Reputation: 3891
New to scrapy and wondering if anyone can point me to a sample project using scrapy to submit to HTML forms that have hidden fields in cases where the action page of the form is not the same address as where the form itself is presented.
What is the easiest way to do this in Scrapy? I can see that you could write two spiders - one first to get the html with the form and pick out all the hidden fields and then a second one to use the info with the hidden fields to submit the form.
I am wondering if there is a 1-step process for this instead (the Scrapy request documentation seems to assume it's all on the same page when it says using FormRequest.from_response will take care of hidden fields). If so, can someone tell me where I can find the steps of the 1 step process?
Upvotes: 1
Views: 405
Reputation: 2594
FormRequest
extends the Request
object.

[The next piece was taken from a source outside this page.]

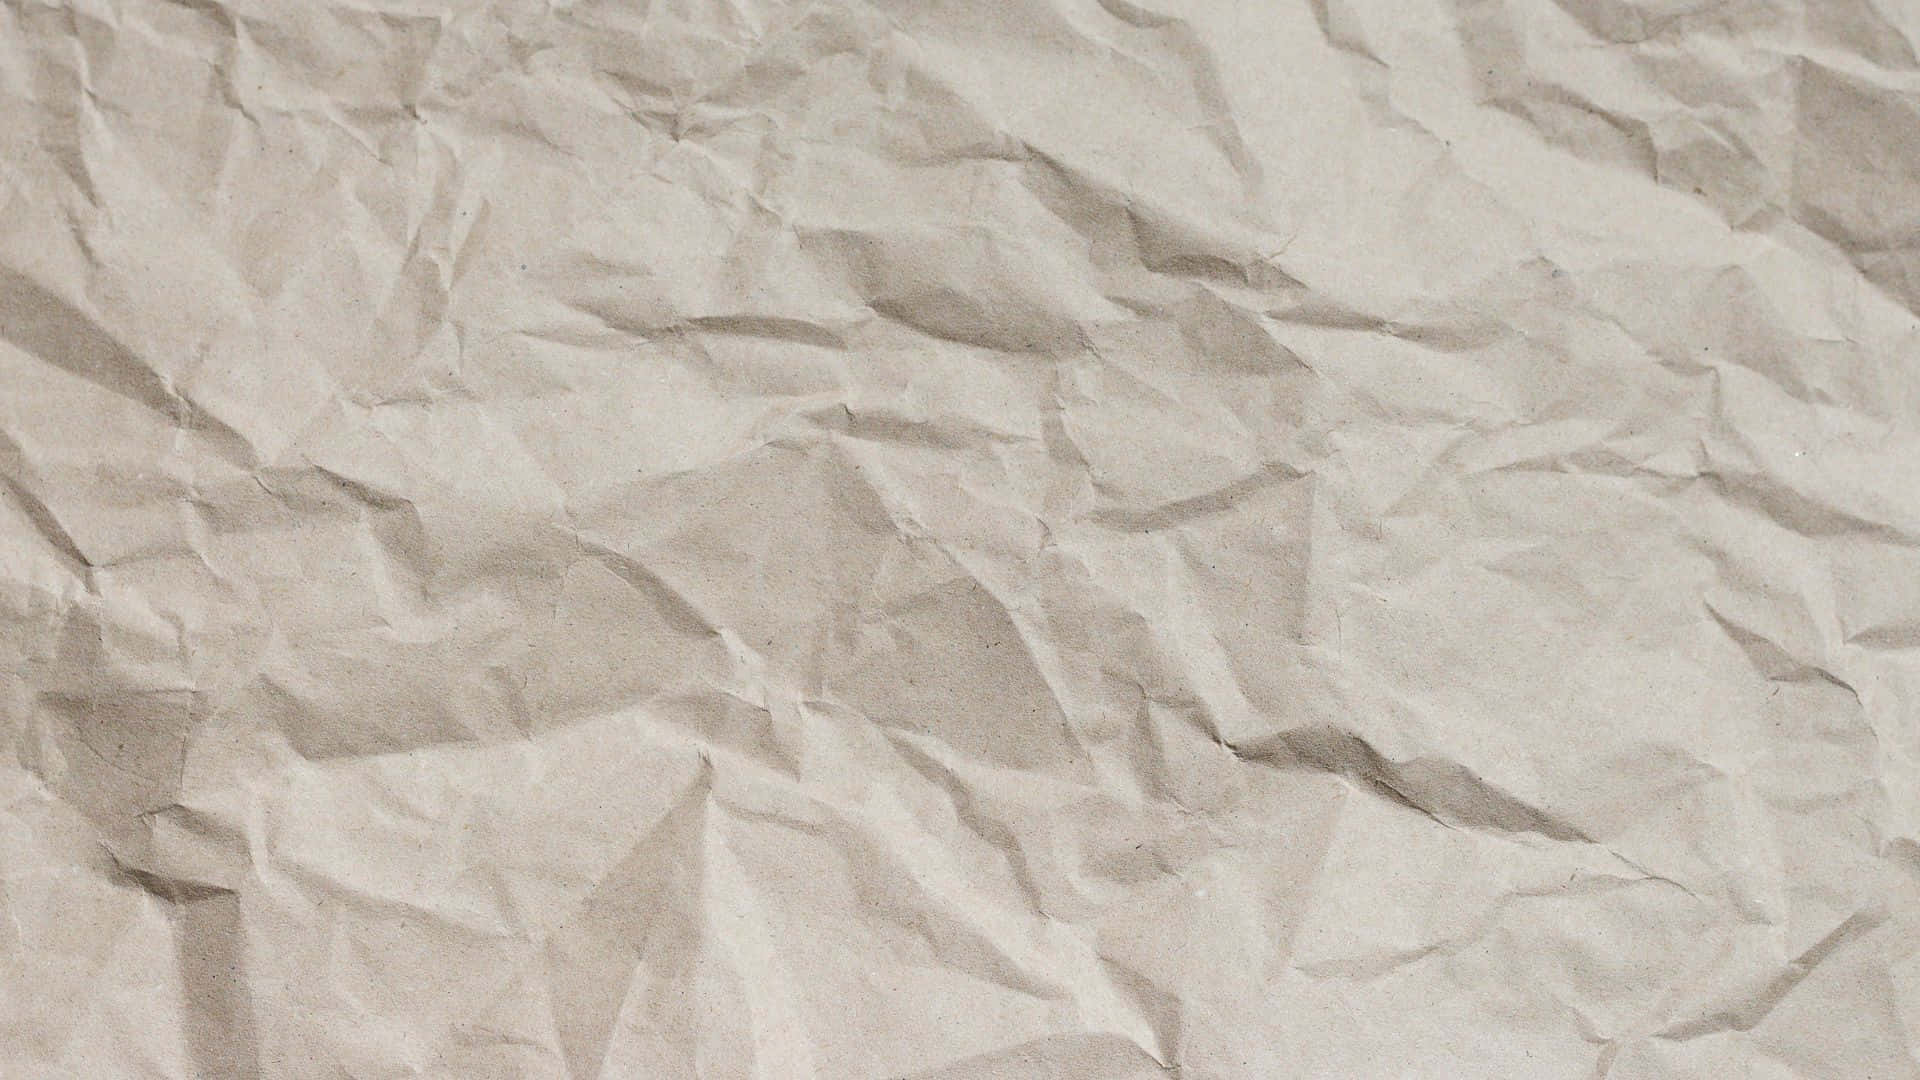 A Close Up Of A Crumpled Paper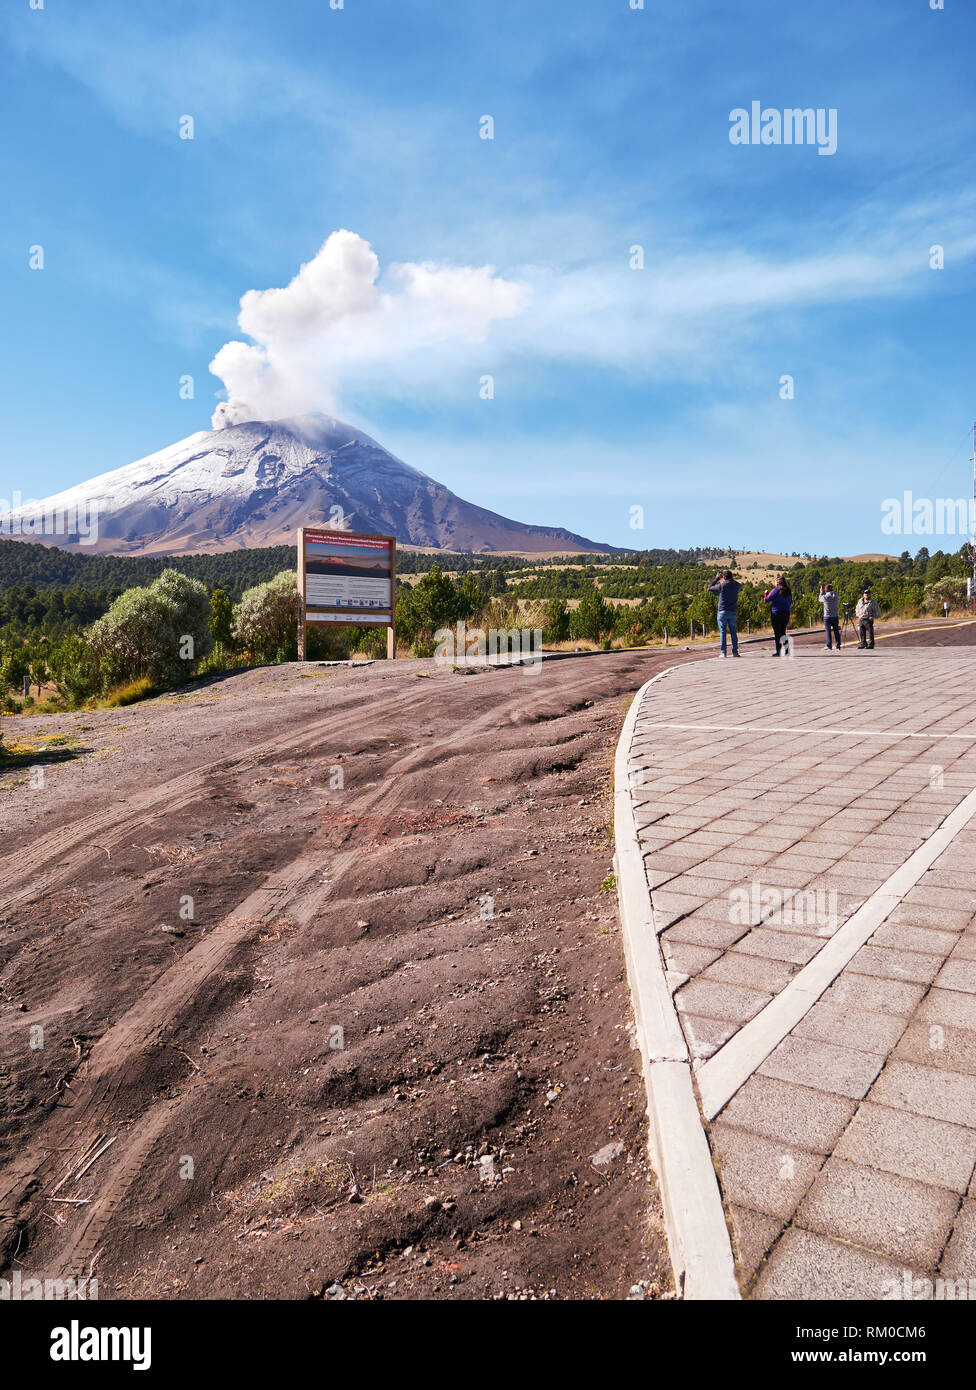 Platz mit Touristen von Paso de Cortes in Izta-Popo Zoquiapan National Park und Blick auf den Vulkan Popocatepetl, Amecameca, Mexiko, im September 30, 2018 Stockfoto

So you can get the formdata
inclusive the hidden values with FormRequest.from_response
and, if needed, change the url
after that.
Demo Pseudo Code:
class ExampleSpider(scrapy.Spider):
name = 'example.com'
start_urls = ['http://www.example.com/FormPage.php']
def parse(self, response):
request = scrapy.FormRequest.from_response(
response,
callback=self.parse_response_from_Form
)
request.replace(url='http://www.other-site.com/')
return request
def parse_response_from_Form(self, response):
# go on here...
pass
Upvotes: 1